Everywhere I looked, traveling up to the event, George W. Bush and John Kerry were debating on TV, in anticipation of the presidential election six months later, and as soon as the two men in suits had stopped talking about war, other men in suits—my media colleagues—appeared on-screen to talk about what the men in suits had been saying about war; the nature of modern broadcasting is that nothing is feared—not bombast or repetition or bile—so much as silence. In just a generation—since my first trip to Tibet, in fact—the
world seemed to have moved from having too little information about itself to having too much, and what the soul cried out for, I began to think, listening to the men chattering on all those screens, was something that could put the clutter into a larger perspective. Where once information had seemed the first step to knowledge, and then to wisdom, now it sometimes seemed their deepest enemy.
By seven o’clock the next morning, when I arrived at the Chan Center for the Performing Arts at the University of British Columbia (the city had become something of an outpost of China, and this Chan was no relative of Victor’s), long, long lines of people, mostly silent, were trailing all around the building in the rain, and deep into the recesses of the campus. It was, as is the case almost everywhere the Dalai Lama speaks, a de facto global gathering: women in formal Tibetan dress, the powers that be of the local community, journalists from what looked to be Japan and Taiwan and maybe mainland China, a hundred different means and ends. The media alone were so numerous that we were assigned a separate theater from which to follow the proceedings on-screen and so, asked to arrive two hours in advance for security reasons, we filed into a large auditorium where the living laureates would be turned into images, oversized icons in a virtual world.

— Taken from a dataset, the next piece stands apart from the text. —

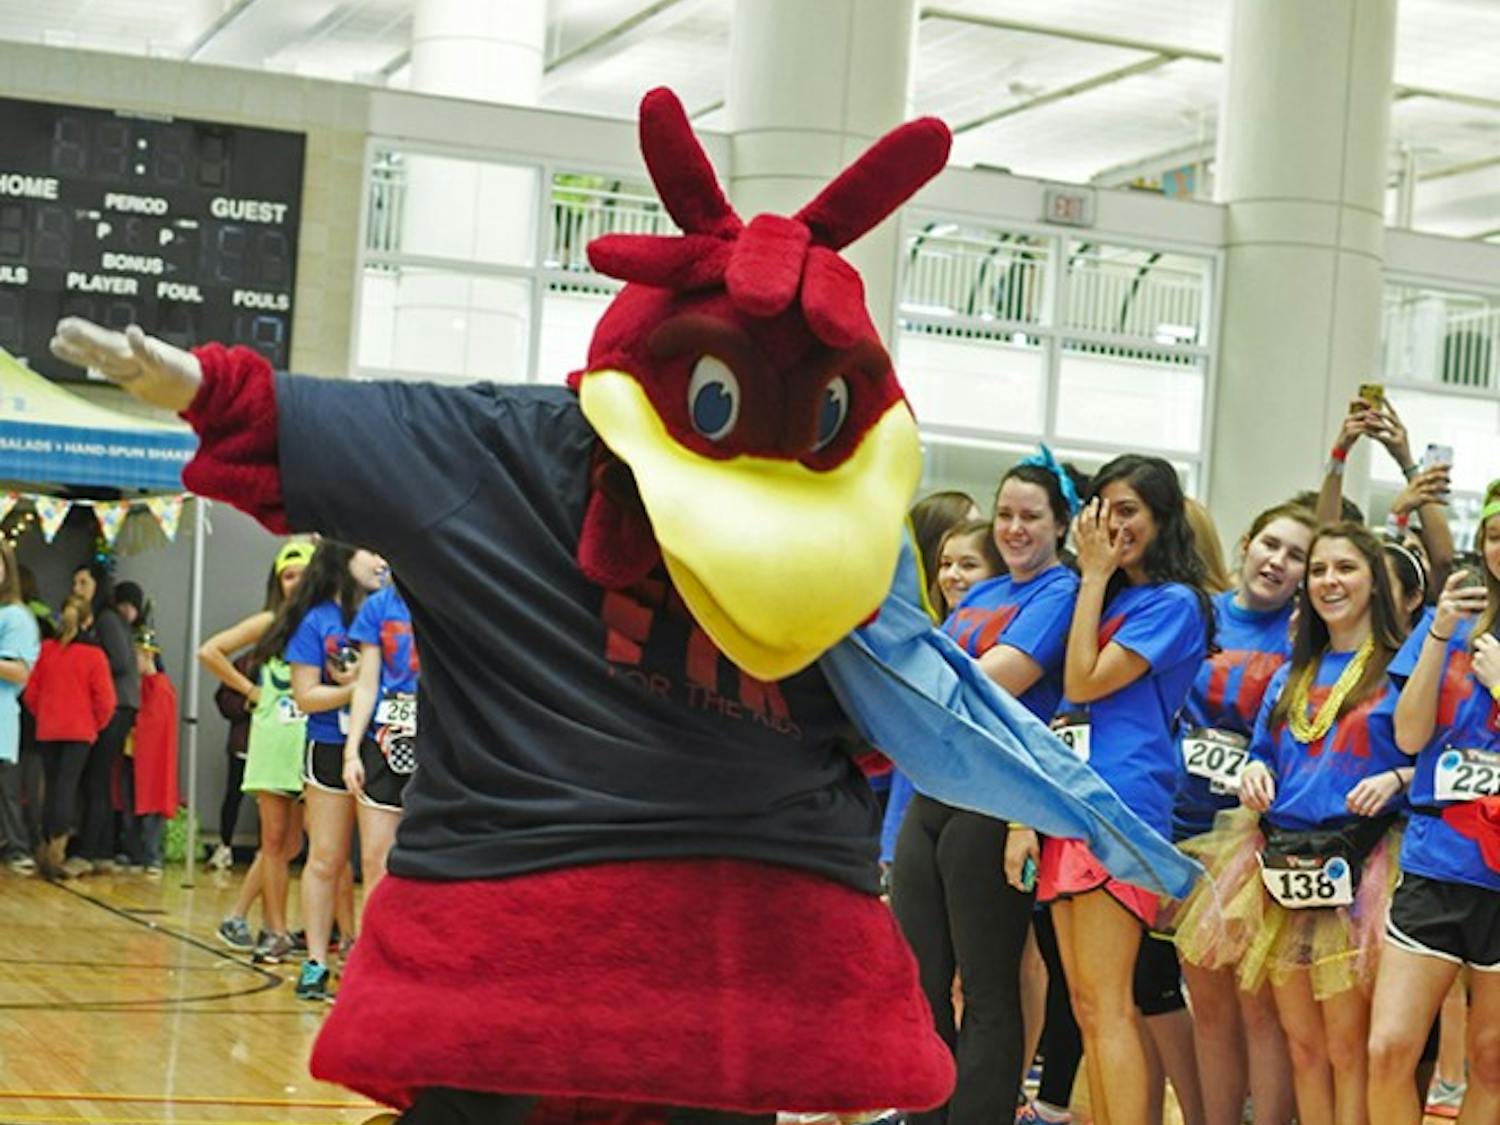 	Cocky got the crowd going, showing off his moves while everyone waited for Dance Marathon to begin.
Brian Almond/The Daily Gamecock

It was a little strange in this context to have read, among the many stipulations sent out in advance, that “for the purpose of these events, the Pacific Coliseum is considered a church”—and yet in some ways it seemed a perfect model of what these visitors hoped to do: to turn an entertainment complex into a place for entertaining (with due humor and humility) a sense of conscience and awareness and something more than just the self. As the great student of comparative religions Huston Smith has noted, ours is the first age that archaeologists have found that does not have a temple (but has, rather, a stadium or a shopping mall) at its center. Another stipulation, though, reminded us that even churches are by no means sanctuaries, outside the real world and its conflicts: “Dolgyal worshippers and those propitiating Dolgyal are asked not to attend the teachings.”